[LLVMdev] Re:RE: Question about inserting instructions

Qiuyu Zhang qiuyu at ucla.edu
Wed May 11 13:30:29 PDT 2005


Hi, 

Thanks Volodya, Misha and Chris,

> > For example,
> >  Correct way:
> >     Instruction *NewInst = new LoadInst(...);
> >     NewBB->getInstList().push_back(NewInst);
> > 
> >  what I need just put some junk data in the BB, not instructions. From
> >  assemble code level, it looks like the following,
> > 
> >  a piece of code from correct instructions by disassemble object code.
> >    
> > :00000009 0533709283              add eax, 83927033
> > :0000000E 05A2B78135              add eax, 3581B7A2
> > :00000013 C1C819                  ror eax, 19
> > :00000016 05E5167711              add eax, 117716E5
> > :0000001B 0542F7A8DC              add eax, DCA8F742
> > 
> > 
> > :00000009 0533709283              add eax, 83927033
> > :0000000E 7878787878          ???                                    <<<<<<  here is the illegal instruction.
> > :00000013 23232                    ???                                    <<<<<<
> > :00000016 05E5167711              add eax, 117716E5
> > :0000001B 0542F7A8DC              add eax, DCA8F742
> > 
> >     what I tried is to make *NewInst point to random memory(cast to
> >     Instuction pointer) and push_back to instList.

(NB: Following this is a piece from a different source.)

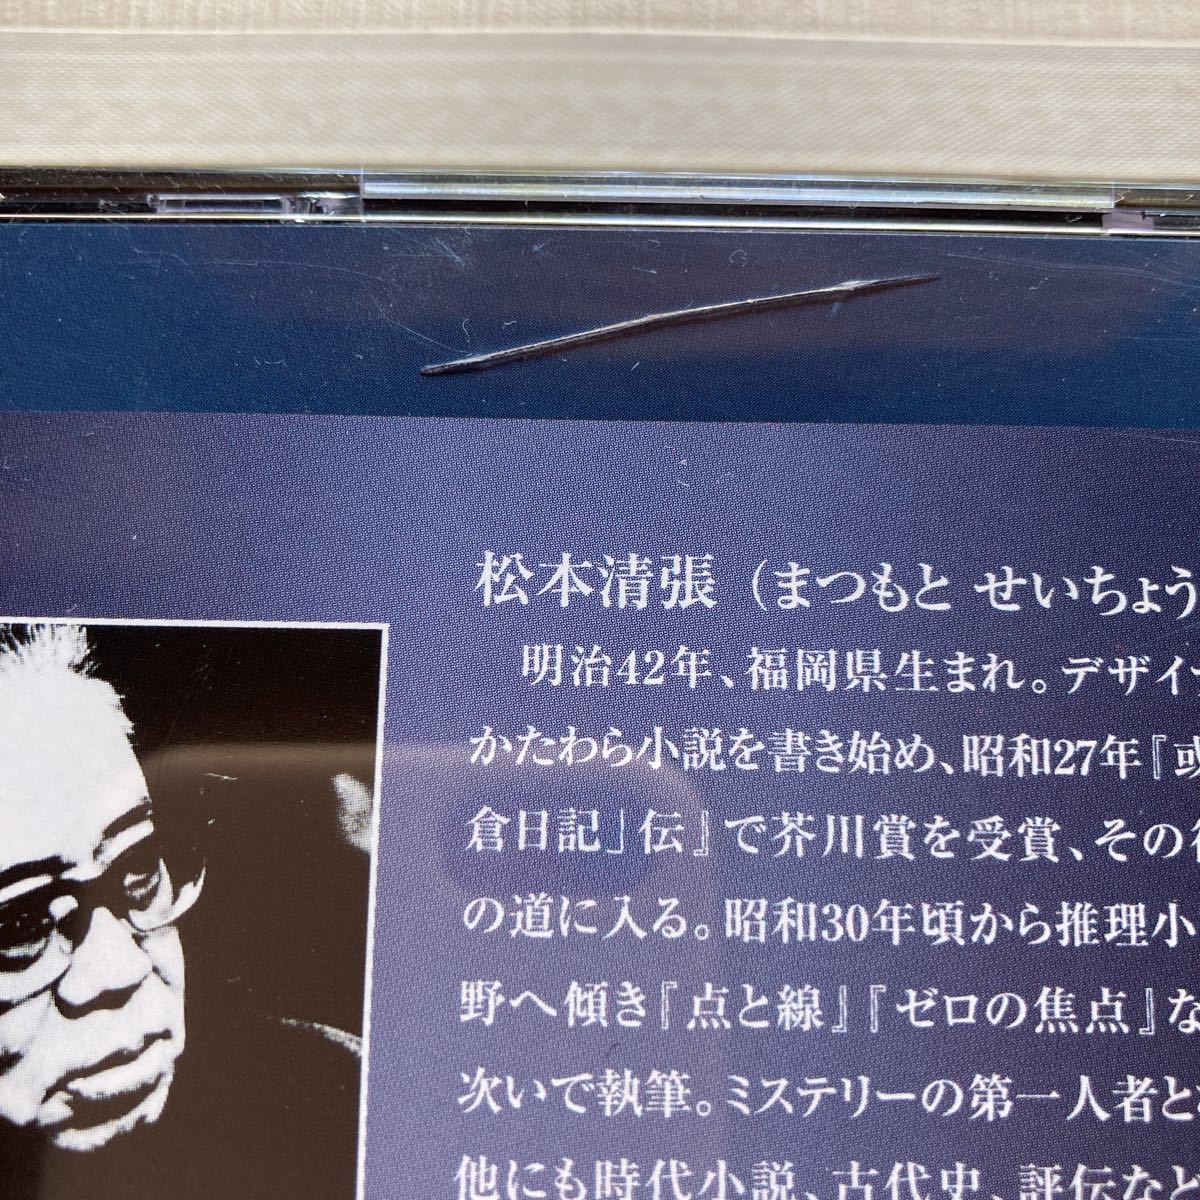 2CD Matsumoto Seicho love dog | tabi [. flower. decoration ].. reading aloud Yamazaki .* attaching : Matsumoto Seicho lecture [ novel. taking material ].. excerpt (16 minute )

But I failed to do
> >     it. 
> >     
> >             Instruction *NewInst  =  ;   
> >             NewBB->getInstList().push_back(NewInst);
> > 
> > So I was wondering if it is allowed in LLVM or not, if so, how to do that?
> 
> LLVM code must not have any dangling pointers, and hence, this is not
> valid LLVM.
> 
> If you want to generate "invalid native code", the way I would suggest
> doing it is to create some LLVM instruction in the dead basic block that
> you can easily identify, such as:
> 
> * create a new external function, do not define it
> * call it from the dead basic block
> * then, modify the native code generator for your chosen platform to
>   look for the call(s) to the fake external function and create some
>   "new instruction", i.e. one that's invalid for the real target but one
>   that gives you the bit pattern you want
> * you will want to add a new instruction definition to the .td file,
>   and then generate it in the instruction selector
> 
> However, the question is what is your bigger goal?  What you're doing
> here is hacking around the optimizers, trying to trick them to not
> delete the dead code.  Perhaps there is another way to achieve your end
> goal, if you could tell us what the big picture is.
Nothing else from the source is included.